Her intuitive and inclusive designs appeal to a broad demographic. While the brand’s core age bracket is 32 to 45 years, customers range from teens to 50s: ‘I remember seeing a 20-year-old wearing a pair of my palazzo pants with a crop top.’ It’s a fanbase as committed as it is varied; devoted customers even have a WhatsApp group where purchases and styling tips are discussed. It’s this loyalty that has meant Kemi Telford’s growth is due to word of mouth; the brand only began paying for advertising in late 2020.
‘Without the community I have no business,’ says Telford, who is as dedicated to her fans as they are to her. While she’s on first-name terms with her longtime customers, every time a new one buys a piece from her website, before shipping it, she phones them to check they’ve picked the right size.

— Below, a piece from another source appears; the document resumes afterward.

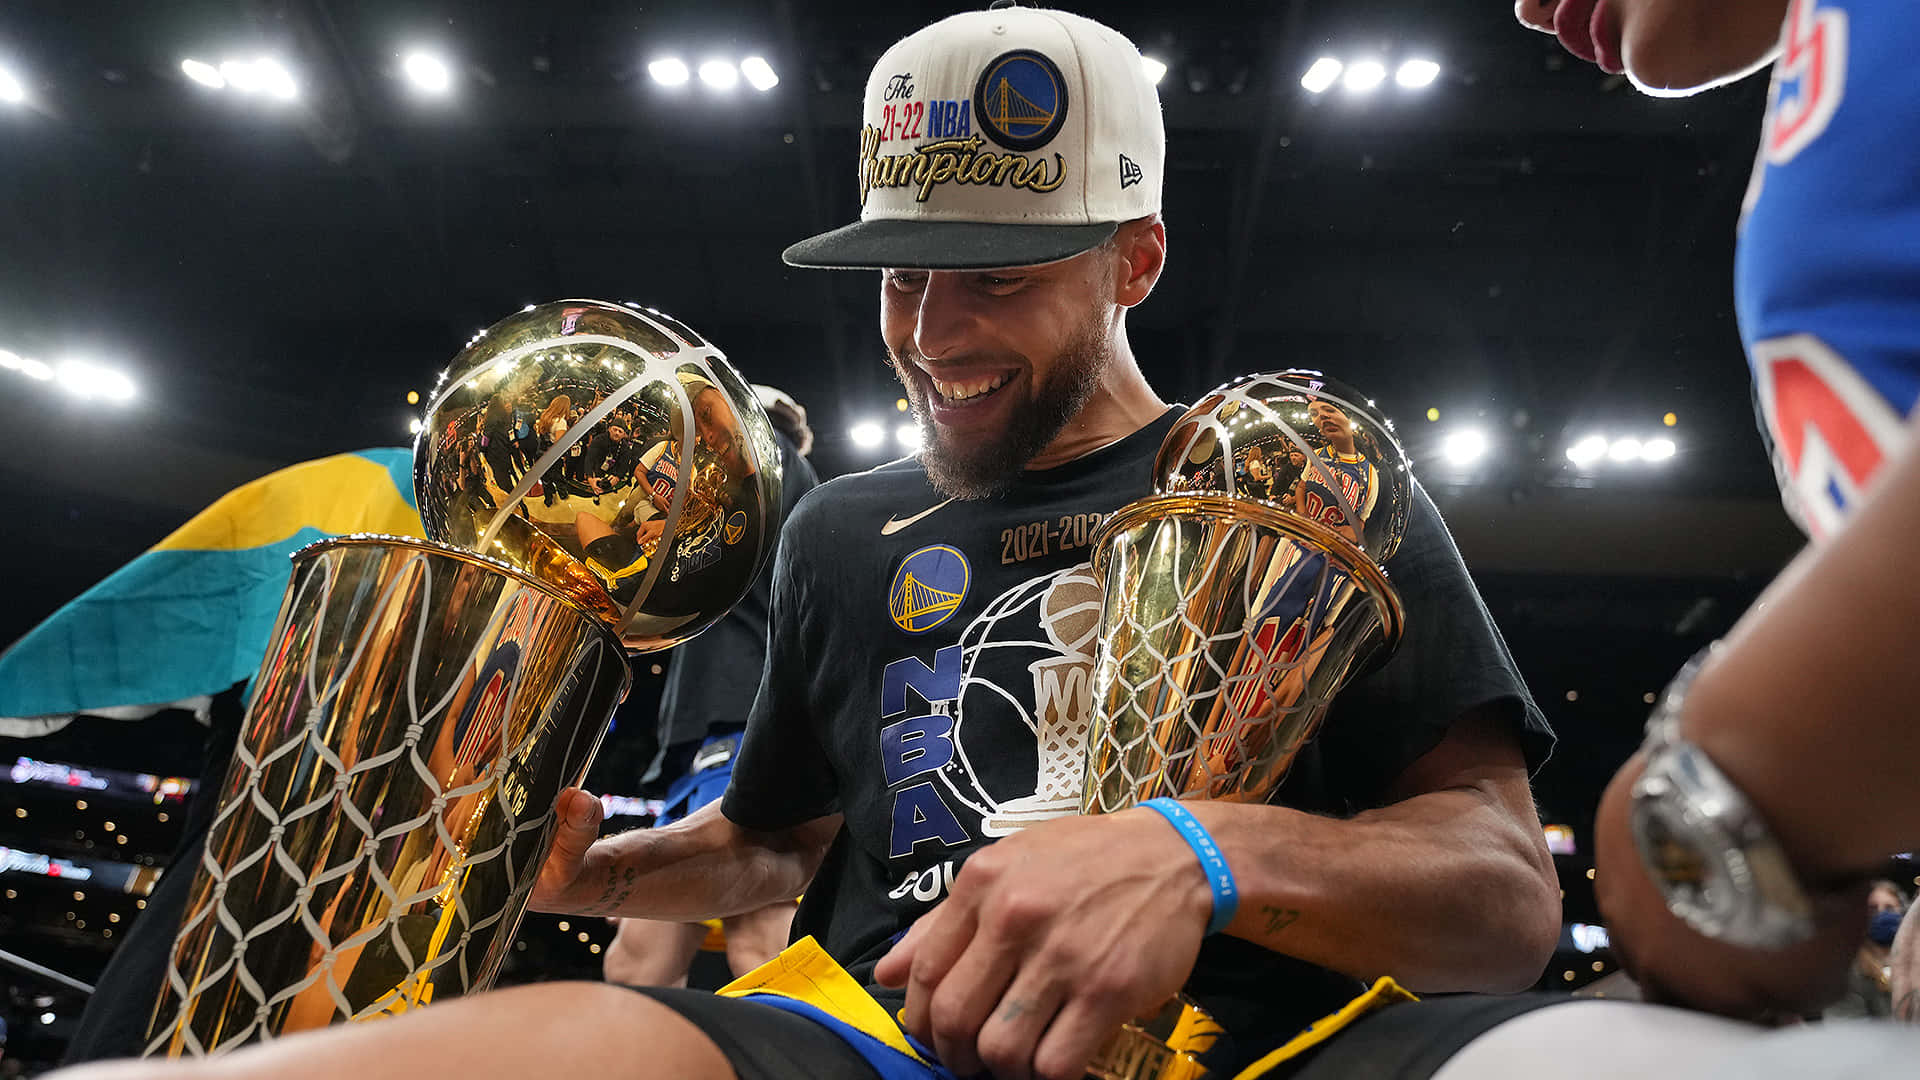 Golden State Warriors' star Stephen Curry dribbling the basketball down the court

When a design flaw meant a dress faded in the wash, she refunded everyone and called them to explain how to ensure the colour stuck: ‘I had to in order to sleep well at night.’
Being able to sleep well is also why Telford operates her business responsibly, from plastic-free packaging to making patchwork dresses out of leftover fabric. ‘I’ve got young children so I need to think about the planet.’ She pays above minimum wages to manufacturers and gives financial support to those she can – even eschewing profit to do so. ‘Kemi Telford is about doing the right thing, it’s not about profit. Helping people gives me joy.’
And us, too. From her smile-inducing clothes to her big-hearted brand, Yvonne Telford is having a great time – and she’s making sure everyone else is as well.